What John McCain didn't learn in Vietnam
As John McCain continues to insist that the war in Iraq is winnable, even if the US has to occupy the country for a hundred years, Joe Conason over at Salon has written a very interesting article about what McCain's Vietnam experience tells us about, not how he sees the past, but more importantly about how that vision of the past might provide a key to what a future McCain presidency might portend.
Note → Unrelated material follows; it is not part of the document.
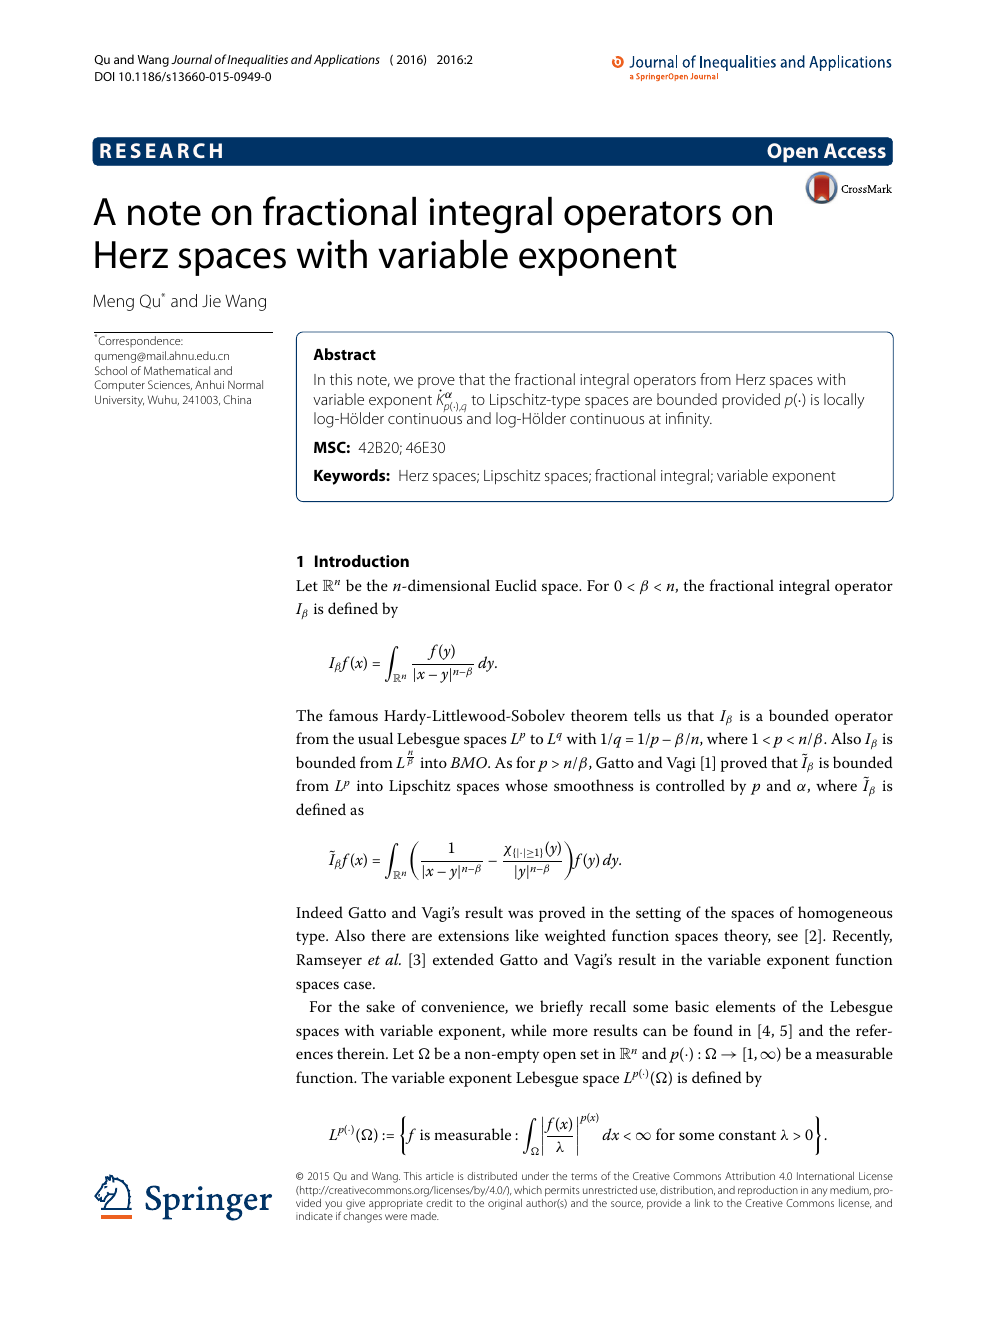 A Note On Fractional Integral Operators On Herz Spaces With Variable Exponent Topic Of Research Paper In Mathematics Download Scholarly Article Pdf And Read For Free On Cyberleninka Open Science Hub

I have come across this insane argument before, that if America had been willing to fight harder and longer, then the Vietcong could have been defeated. In this mindset the deaths of 58,000 Americans and a million and a half Vietnamese - after sixteen long and bloody years - simply wasn't enough. The war should have gone on longer and more should have died.Indeed, what is most striking about McCain's attitude toward Vietnam is his insistence that we could have won -- that we should have won -- with more bombs and more casualties. In 1998, he spoke on the 30th anniversary of the Tet Offensive. "Like a lot of Vietnam veterans, I believed and still believe that the war was winnable," he said. "I do not believe that it was winnable at an acceptable cost in the short or probably even the long term using the strategy of attrition which we employed there to such tragic results. I do believe that had we taken the war to the North and made full, consistent use of air power in the North, we ultimately would have prevailed." Five years later, he said much the same thing to the Council on Foreign Relations. "We lost in Vietnam because we lost the will to fight, because we did not understand the nature of the war we were fighting, and because we limited the tools at our disposal."
Very few military historians agree with McCain's bitter analysis, which suggests that a ground invasion and an even more destructive bombing campaign, with an unimaginable cost in human life, would have achieved an American victory. But perhaps because he is obsessed by the humiliation of defeat -- which fell directly on his father, Adm. John S. McCain Jr., who served as the commander in chief of Pacific forces during the Vietnam conflict -- the former prisoner of war seemingly can formulate neither a rational assessment of that war's enormous costs nor of its flawed premises and purposes.
It's an argument for victory that, whilst immoral in it's dismissal of the sheer cost in human life of continuing the Vietnam war, it also presupposes that the Vietnam war was a noble war that was worth fighting in the first place. In much the same way as McCain makes that erroneous assumption about the Iraq war.
In the case of Vietnam we were told that the collapse of south Vietnam would lead to "a domino effect" across the region with country's falling to Communist rule. In the end, the south fell... and nothing happened. No domino effect took place.
McCain has famously said that the US should only go to war where her vital interests are at stake, and cites this as one of the lessons learned from Vietnam.
But, just as the Gulf of Tolkin incident was manufactured, the Iraqi WMD - which were supposedly the reason why Saddam had to be invaded - have also turned out to be entirely bogus, and yet neither seems to effect McCain's view of either conflict.
He appears to think that war is noble for the simple reason that America is involved in it and that American victory matters more than any price in human life that such a victory might cost.
That's what he argued about Vietnam and that is what he continues to argue about Iraq.
But underneath it all, there is something that he hasn't learned. Some wars are simply bad wars.
WWI and WWII were noble wars fought for a good cause. Vietnam was not and neither was Iraq. McCain is simply unable to make that distinction. Which is why, at this moment in American history, he simply lacks the vision which America needs to correct a historic mistake.
His lesson from Vietnam is that the US should have stayed longer and lost more American and Vietnamese lives. He now wants to apply that crackpot theory to Iraq.
He was wrong then and he is wrong now. Hopefully, most Americans will realise this and prevent him from getting anywhere near the White House.